6. En ce qui concerne les pays qui ont fait l’objet en 2023 de la procédure d’examen périodique des obligations en tant qu’État membre du Conseil de l’Europe:
6.1 s’agissant de la France: en référence à la Résolution 2512 (2023), l’Assemblée appelle de nouveau à des réformes législatives et constitutionnelles pour donner suite aux recommandations de la Commission de Venise concernant le Conseil supérieur de la magistrature, le statut des magistrats et l’article 49 de la Constitution française. L’Assemblée invite instamment les autorités à mettre en place un dispositif efficace d’enregistrement des contrôles d’identité et à publier des statistiques sur le nombre de personnes blessées ou tuées lors de manifestations afin de renforcer l’obligation des forces de l’ordre de rendre des comptes. Dans ce contexte, l’Assemblée encourage vivement les autorités à améliorer les poursuites dans les cas de violences illégitimes commises par les forces de l’ordre et à mener une réforme des corps d’inspection de la police et de la gendarmerie afin d’améliorer la perception de leur indépendance et de leur impartialité. Tout en se félicitant des mesures prises par les autorités pour réduire la surpopulation carcérale, l’Assemblée note que les statistiques relatives à la population carcérale montrent une aggravation de la situation dans la pratique. Elle recommande donc aux autorités d’envisager la mise en place d’un mécanisme contraignant de régulation de la population carcérale;
6.2 s’agissant des Pays-Bas: l’Assemblée prend note des élections législatives anticipées du 22 novembre 2023. Elle s’attend à ce que les autorités nouvellement élues tiennent compte des préoccupations et des recommandations exprimées dans l’avis de la Commission de Venise sur la protection juridique des citoyens (rendu à la suite du scandale des «allocations familiales») et dans l’avis conjoint de la Commission de Venise et de la Direction générale droits humains et État de droit du Conseil de l’Europe sur les garanties juridiques de l’indépendance du pouvoir judiciaire par rapport au pouvoir exécutif;
6.3 s’agissant de Saint-Marin: dans sa Résolution 2497 (2023), l’Assemblée reconnaissait les structures de gouvernance collégiales uniques de Saint-Marin, reflet de l’héritage démocratique historique du pays et de sa spécificité de micro-État. Elle se félicite des réformes entreprises pour renforcer son système d’équilibre des pouvoirs et pour remédier à la vulnérabilité de ses institutions démocratiques à la corruption et aux conflits d’intérêts. L’Assemblée salue le rôle central du Grand Conseil général, le Parlement saint-marinais, dans la gouvernance du pays et recommande de nouveau des réformes qui amélioreraient les conditions dans lesquelles les membres du Grand Conseil général exercent leurs activités parlementaires pour renforcer l’égalité des pouvoirs entre le législatif et l’exécutif. Pour ce qui est des médias, l’Assemblée s’inquiète de nouveau de la rigueur des lois sur la protection de la vie privée et de la pénalisation persistante de la diffamation à Saint-Marin qui entravent l’accès aux informations publiques et qui pourraient pousser les journalistes à s’autocensurer.

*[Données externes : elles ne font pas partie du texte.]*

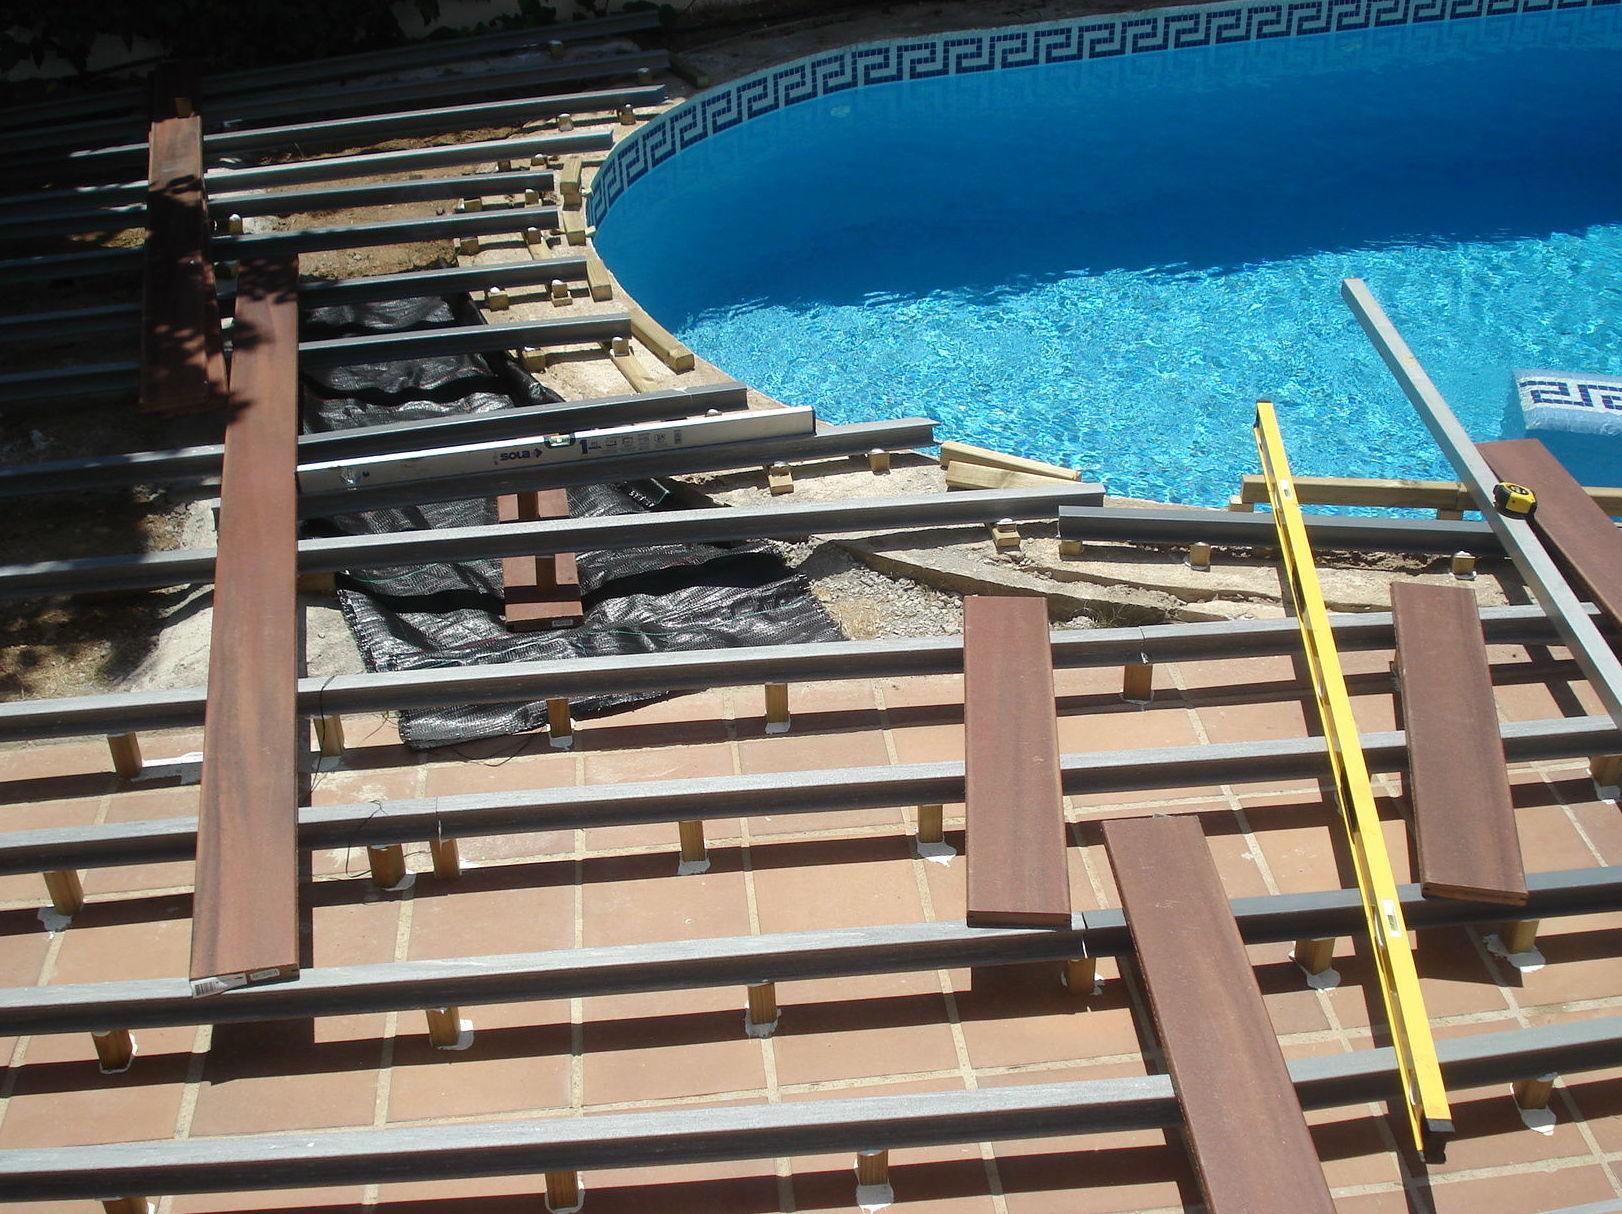 Tarima de exteriores para piscinas 8 - Tarima para exteriores ...

7. L’Assemblée se félicite de l’excellente coopération étroite et continue avec la Commission de Venise dans le cadre des procédures de suivi parlementaire, comme en témoigne le nombre élevé d’avis demandés et rendus.
8. L’Assemblée salue les efforts déployés par la commission de suivi, notamment l’échange de vues de haut niveau qui a eu lieu lors de sa réunion à Rome le 4 décembre 2023, en ce qui concerne la mise en œuvre de la Déclaration de Reykjavík, en particulier pour renforcer ses capacités en matière d’alerte précoce, en accord avec les conclusions du 4e Sommet des chefs d’État et de gouvernement du Conseil de l’Europe de 2023, et pour réfléchir à des mécanismes afin de garantir que ces alertes précoces seront dûment prises en considération, comme cela a été décidé par l’Assemblée dans sa Résolution 2515 (2023). Dans ce contexte, l’Assemblée invite la commission à poursuivre sa réflexion sur les mécanismes permettant de renforcer sa réactivité et sa capacité à réagir rapidement à l’évolution de la situation dans les États membres qui ne font pas l’objet d’une procédure de suivi complète et qui ne sont pas engagés dans un dialogue postsuivi ni soumis à un examen périodique de leurs obligations envers le Conseil de l’Europe.